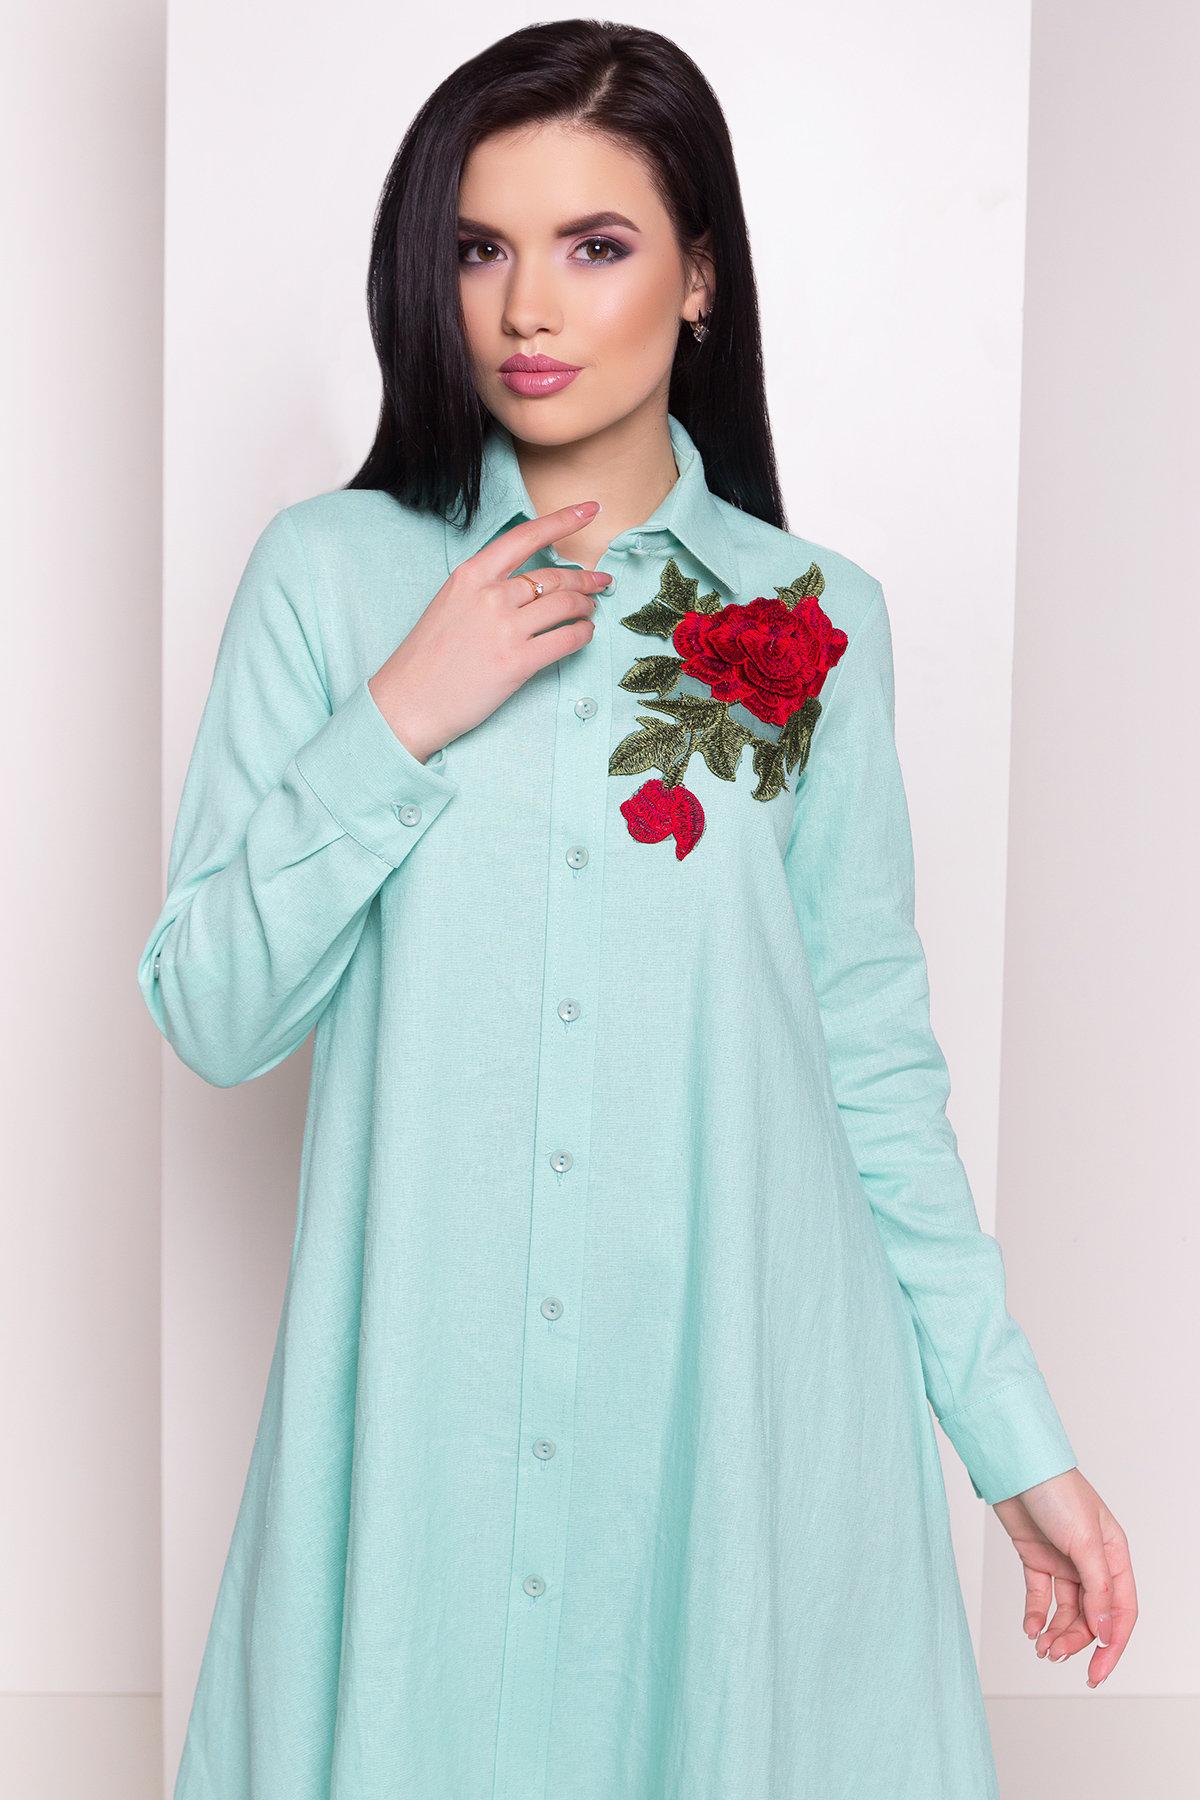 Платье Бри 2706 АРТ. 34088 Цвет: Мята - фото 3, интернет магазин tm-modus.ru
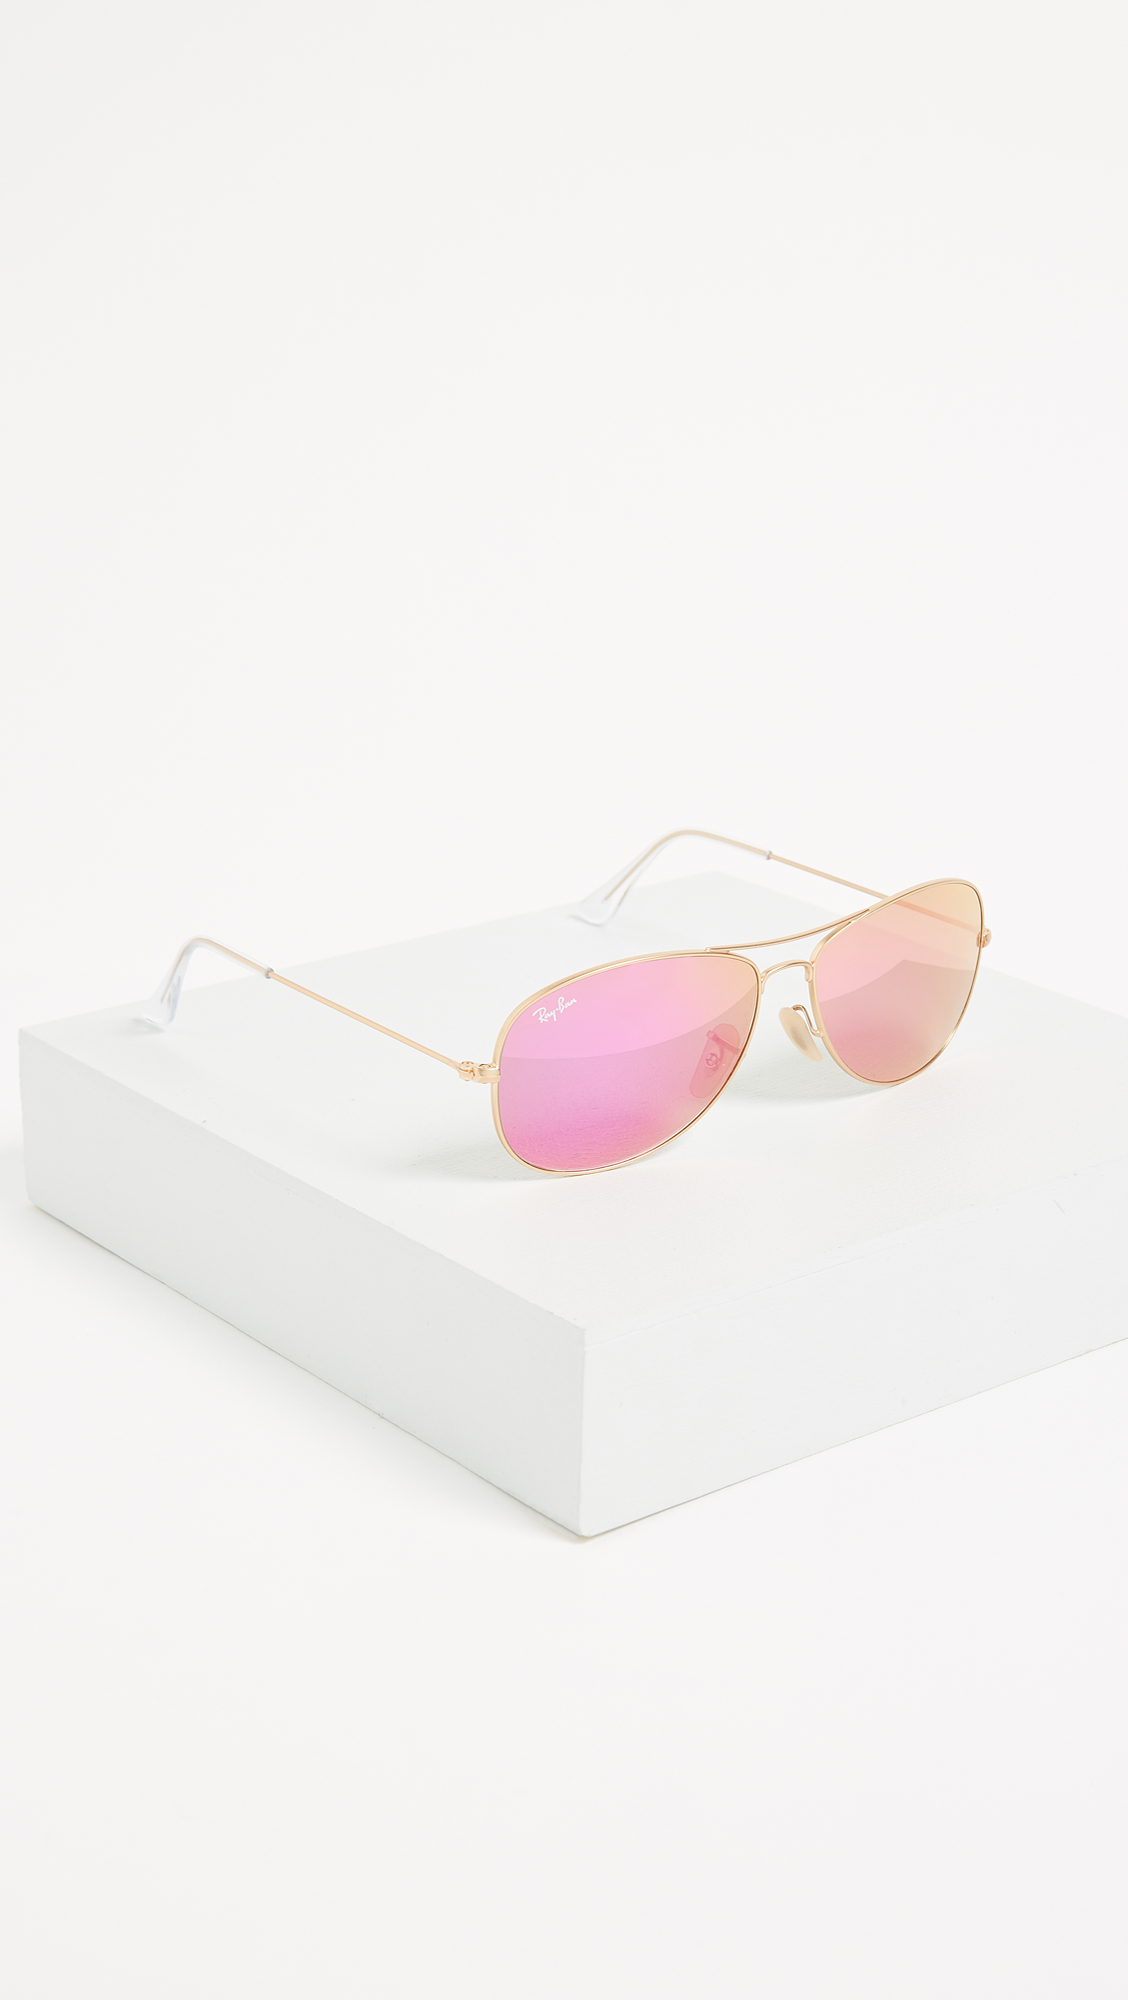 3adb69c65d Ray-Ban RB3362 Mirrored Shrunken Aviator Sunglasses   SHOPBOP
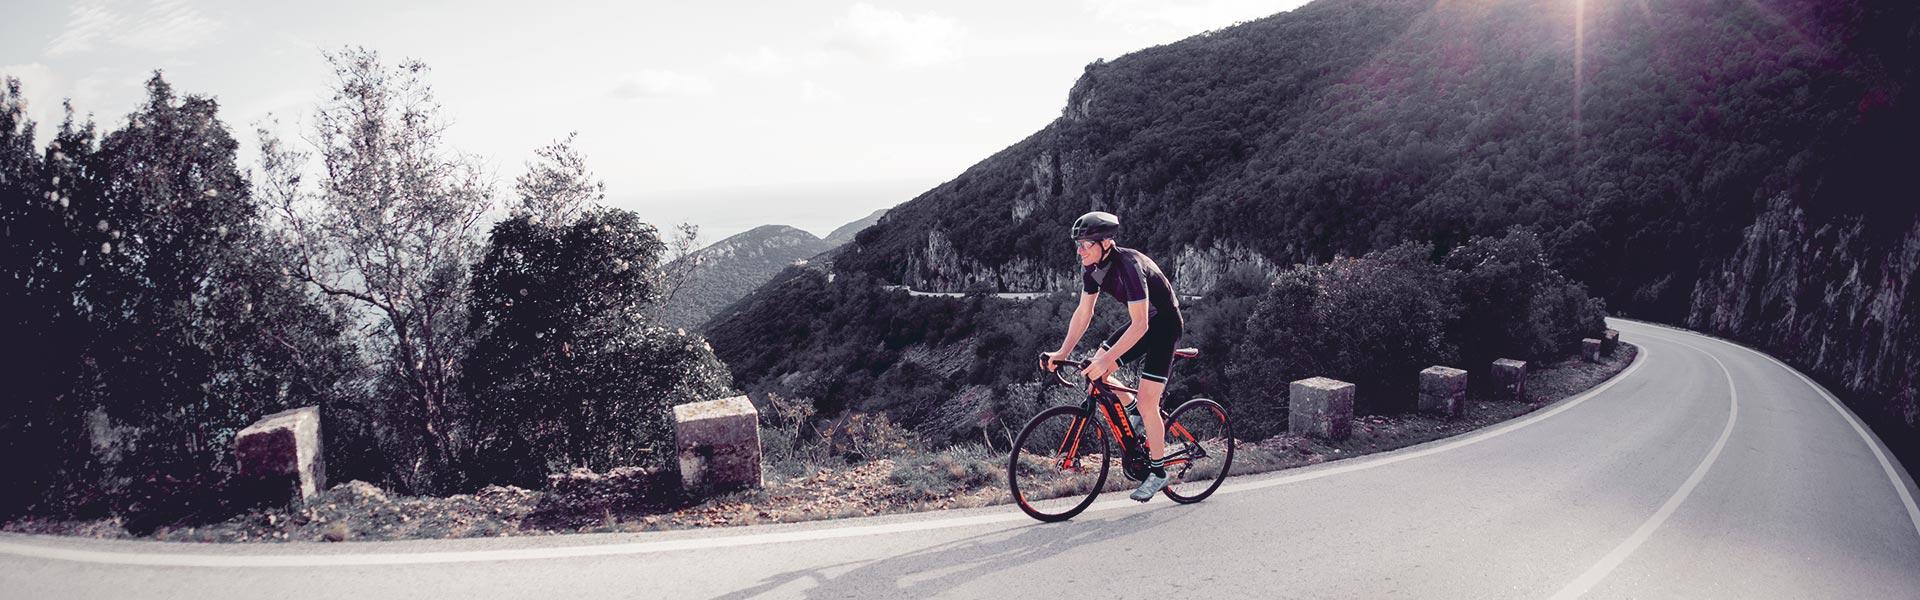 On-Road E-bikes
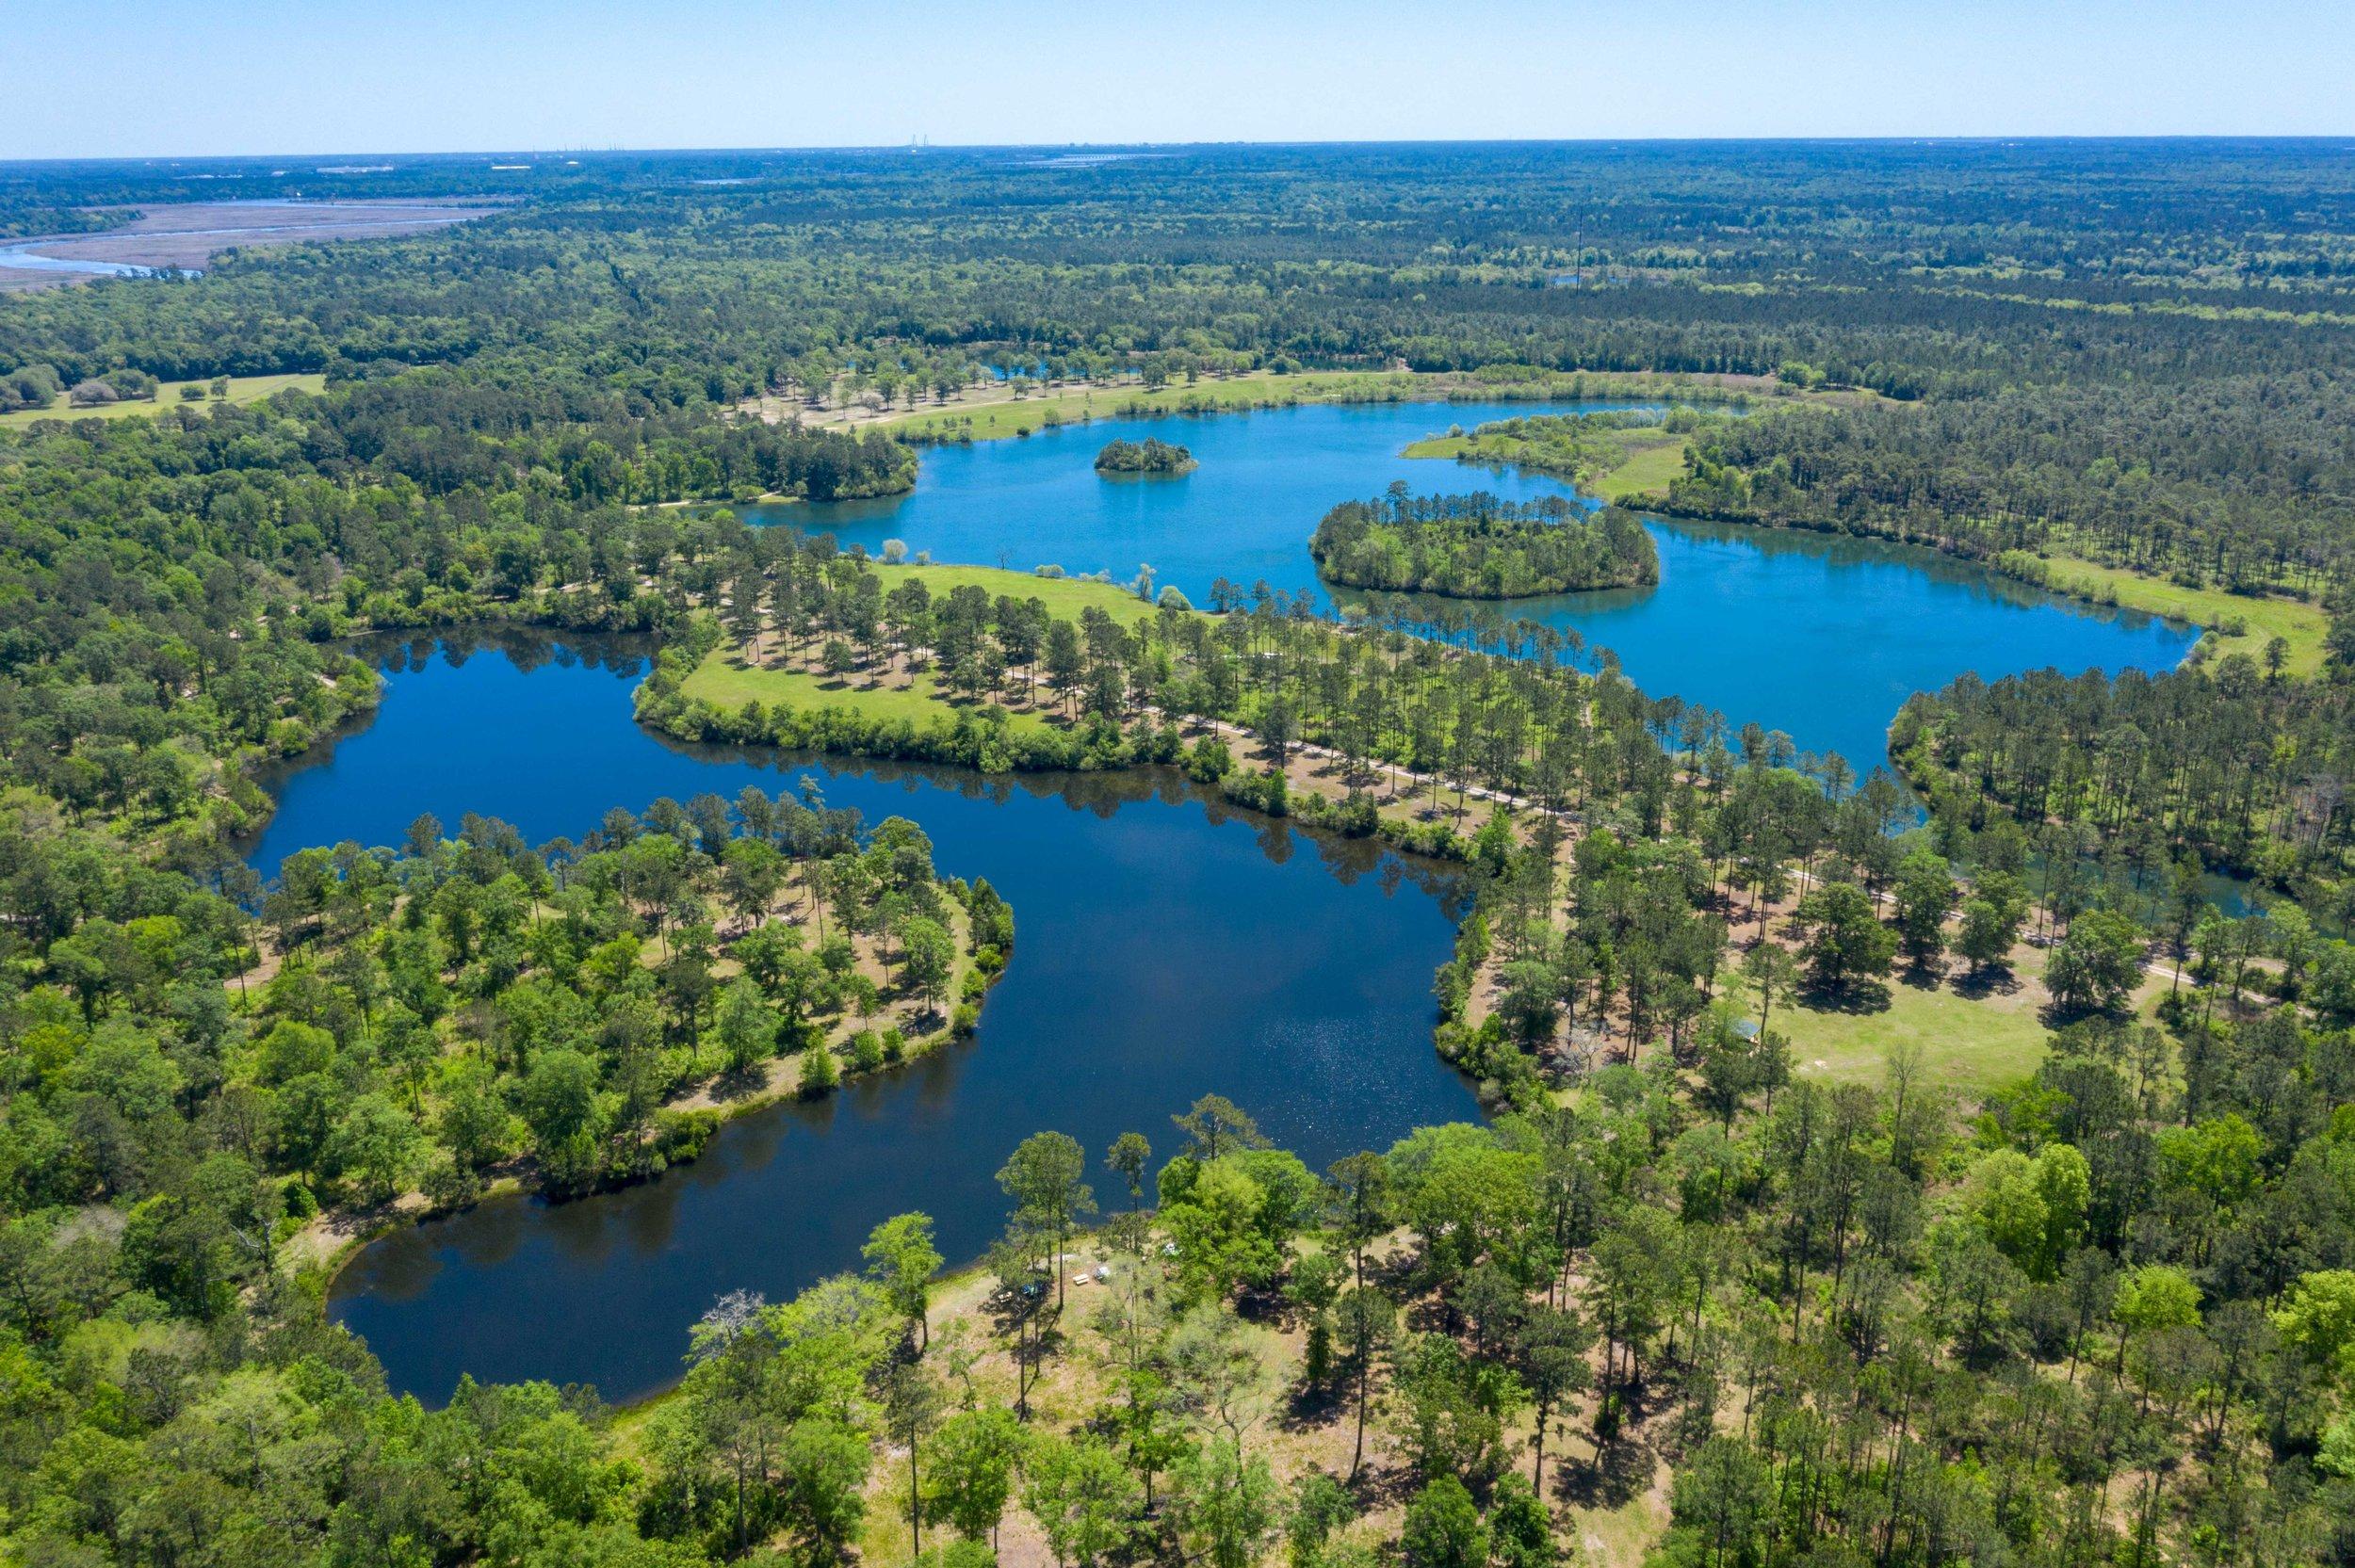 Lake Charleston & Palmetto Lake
· · ·
Task requirements | All of the material shown above needs to be duplicated exactly. Omit every picture.

Solution to this task |
 Платье Бри 2706 АРТ. 34088 Цвет: Мята - фото 3, интернет магазин tm-modus.ru
 3adb69c65d Ray-Ban RB3362 Mirrored Shrunken Aviator Sunglasses   SHOPBOP
 On-Road E-bikes
 Lake Charleston & Palmetto Lake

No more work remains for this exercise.